Anyone familiar with Peano' (or Grassman) algebra?

[enigma]

I'm an engineer, not a mathematician...

the professor has assigned several proof questions, and I'm having difficulty answering them...

(This may need to be moved to homework help, but the topic is unusual, so I thought I'd get better response here)

Terminology: v is a join operation, ^ is a meet operation D[] is a bracket operation

Example:

Show that when:

$$A = a_1 \vee a_2, B = b_1 \vee b_2, \ and\ n = 2$$

then

$$A \wedge B = -D[a_2 , b_1 , b_2] a_1 + D[a_1 , b_1 , b_2] a_2$$
$$= D[a_1 , a_2 , b_2] b_1 - D[a_1 , a_2 , b_1] b_2$$

If the meet is zero, then assuming that the sets $(a_1, a_2)$ and $(b_1, b_2)$ are both independent, the four brackets must be zero. Show that, in this case, the two subspaces $A_s$ and $B_s$ are the same.

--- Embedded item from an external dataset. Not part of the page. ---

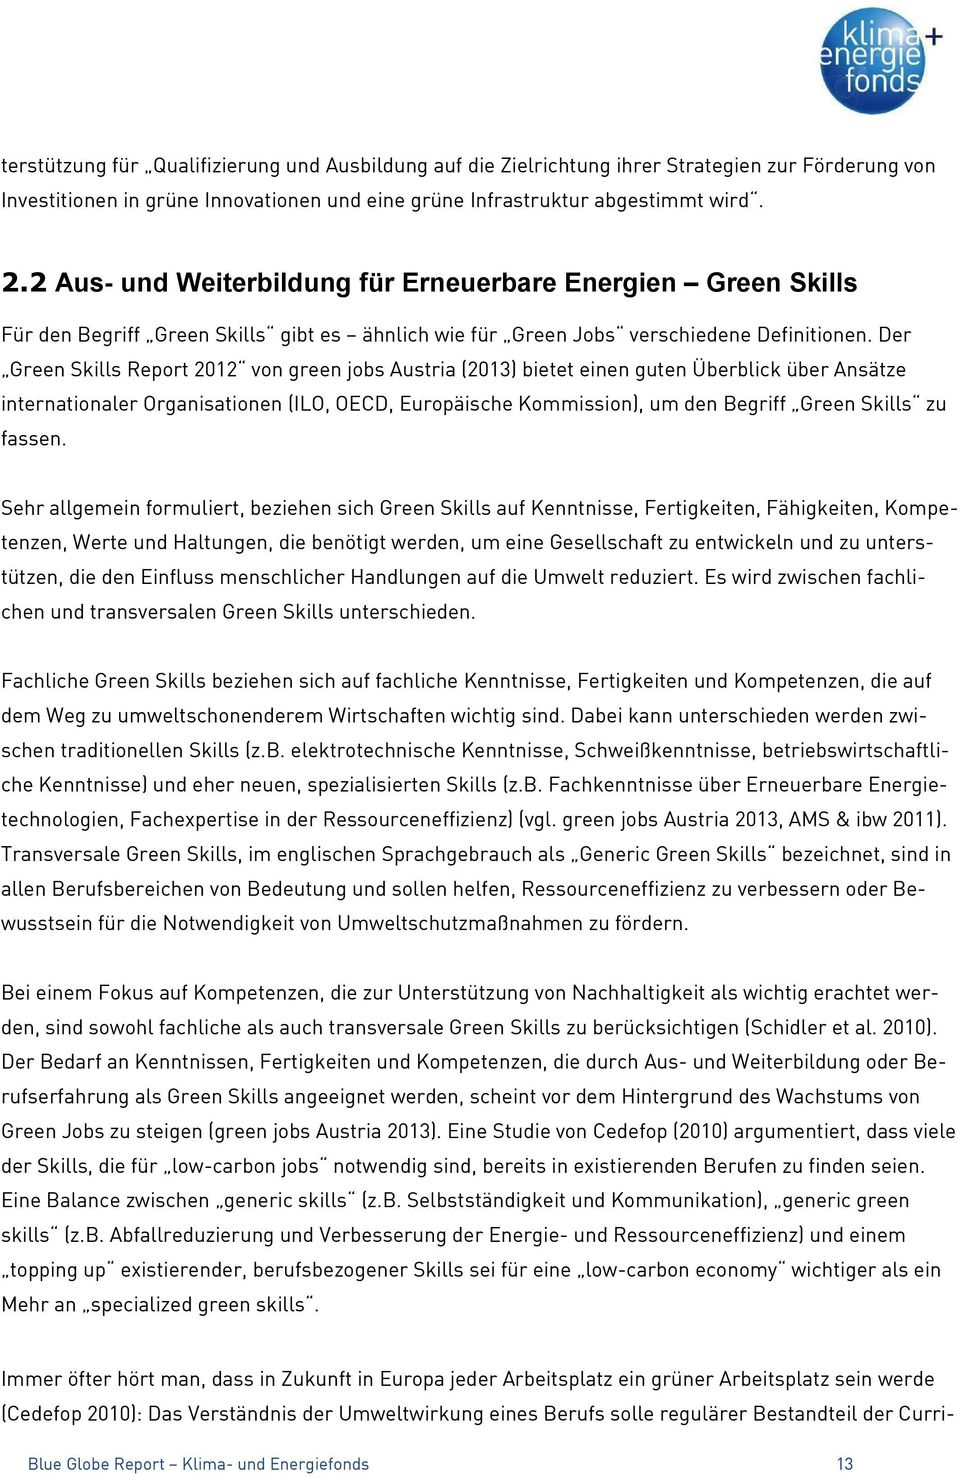 Der Green Skills Report 2012 von green jobs Austria (2013) bietet einen guten Überblick über Ansätze internationaler Organisationen (ILO, OECD, Europäische Kommission), um den Begriff Green Skills zu

Now, proving the first part is fairly simple: just run though the definition of the meet.

I'm having difficulty with the second part. I thought that the definition of the meet is the intersection of the two subspaces. If the subspaces are the equal, then wouldn't the meet be either A_s or B_s?

 

[enigma]

Answering my own question somewhat:

OK. If the sets are independent, and $\alpha a_1 + \beta a_2 = 0$ , then $\alpha \ and \ \beta$ need to be zero because independancy implies $a_1 \ and \ a_2$ are not equal.

If $D[a_i, b_i, b_j] \ and \ D[a_i, a_j, b_i]$ are zero for any combination of i and j, that means that the two subspaces A and B are linearly independent for any combination of bases. This must mean that they are the same subspace.

Is that correct?

 

[Janitor]

Pardon my ignorance; I have barely ever done any reading on Grassman algebra. I probably won't be able to help you. But what is the definition of n?

 

[enigma]

n is the number of dimensions in addition to the projective plane: PA[Rⁿ⁺¹], where PA represents peano algebra.

so, the dimensions of a two dimensional projective space is PA[R²⁺¹] corresponding to e₀ e₁ and e₂ as the three coordinates, with e₁ being the x direction, e₂ being the y direction and e₀ being the perspective direction.

*I hope I'm not botching up my terminology here...*

 

[Janitor]

Ummm

I'll get back to you in a few weeks on this.

 

[Janitor]

You must know the answer by now! If you have time, could you sketch it out for us? If you're too busy, that's understandable.